Indigenous women now account for almost half of the female inmate population in federally run prisons, says a new report from Canada's correctional investigator.
Indigenous people make up about 32 per cent of the federal prison population, despite accounting for less than five per cent of the total population. Indigenous women, meanwhile, account for 48 per cent of the population in women's prisons.
Federal corrections investigator Ivan Zinger called the situation "appalling and shameful."
"It's just trending always, year after year, in the wrong direction. And this is irregardless of what various governments have done," he said.
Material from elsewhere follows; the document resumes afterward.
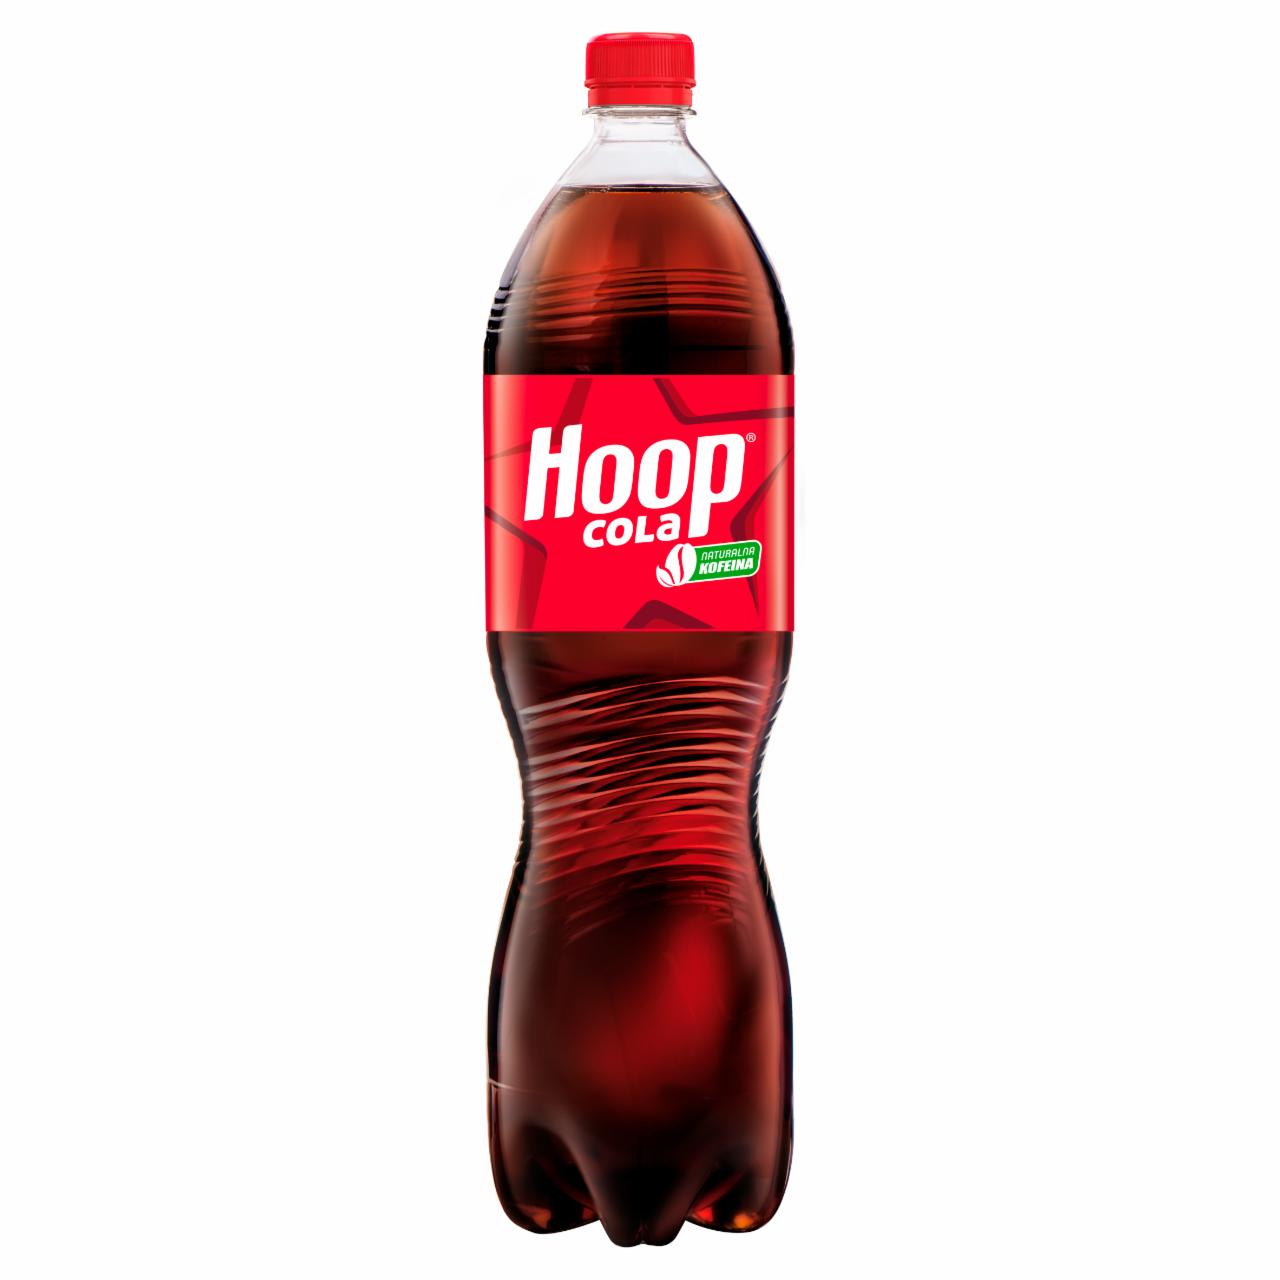 Zdjęcia - Hoop Cola Napój gazowany 1,5 l

Federally sentenced women incarcerated since 2012
The Indigenous inmate population has increased roughly 18 per cent over the past decade, while the number of non-Indigenous inmates has dropped by 28 per cent in the same period, says Zinger's report.
Cree lawyer Eleanore Sunchild said the rising numbers are disturbing but not surprising because she doesn't think the Canadian justice system sees Indigenous people as "human beings."
"These numbers just reflect the ongoing systemic racism and battle our people face in the criminal justice system," she said.
While the percentage of non-Indigenous offenders has dropped, Zinger said, there hasn't been a corresponding drop among Indigenous inmates because they are more likely to serve longer portions of their sentence and are less likely to be granted parole or conditional release.
In an emailed statement, the Correctional Service of Canada (CSC) said it shares Zinger's concern and pointed to a number of initiatives it's undertaking, such as healing lodges that offer culturally appropriate services to Indigenous offenders.
"We are making progress but recognize there is more work to do. CSC will continue to work with its criminal justice partners and Indigenous communities to support the rehabilitation of Indigenous offenders," the statement says.
Government not doing enough, critics say
But Zinger and a number of advocates said the government needs to go much further.
In the 10 healing lodges operated in part by CSC, there are only 200 spaces available. Zinger said that's not enough and the lodges need more funding.
Marion Buller, who served as the chief commissioner of the National Inquiry into Missing and Murdered Indigenous Women and Girls, echoed Zinger's point.
The inquiry's final report offered 13 recommendations to address over-incarceration of Indigenous women, including calls for more Indigenous-run and culturally appropriate rehabilitation programs.
"The programming that's there isn't available as much as anybody would like, especially the inmates," Buller said. "And the programming that is available more often than not isn't culturally appropriate, and the culturally appropriate programming is underfunded and understaffed."
Mandatory minimum sentences
Before joining the Red Chamber, Sen. Kim Pate was executive director of the Canadian Association of Elizabeth Fry Societies, which works on issues affecting women in the justice system.
She said the government also needs to look at the underlying causes of Indigenous overrepresentation in federal prisons.
"Just putting more Indigenous programs and services, or saying you're doing that — and largely that's been performative anyway — is not going to solve it," she said.
Justice Minister David Lametti cited the recently tabled Bill C-5 — which would cut a number of mandatory minimum sentences from the Criminal Code — as a tool to address the overrepresentation of Indigenous people in the prison system.
"C-5 is an important step in addressing the distressing statistics in the Corrections Investigator's report," Lametti said in a media statement.
But Pate said the government needs to go further and allow judges more discretion on mandatory minimum sentences in cases involving Indigenous offenders.
Sunchild said the government needs to put more emphasis on so-called Gladue reports — pre-sentencing and bail hearing reports that inform judges of the backgrounds of Indigenous offenders, including instances of trauma.
"The jails are full of Indigenous people who are survivors of Indian residential schools, or the children of survivors," she said.
Zinger said he is optimistic that the government will start making meaningful changes. He pointed to the fact that Lametti's mandate letter — his marching orders from the prime minister — task him with addressing the overrepresentation of Indigenous people in prisons.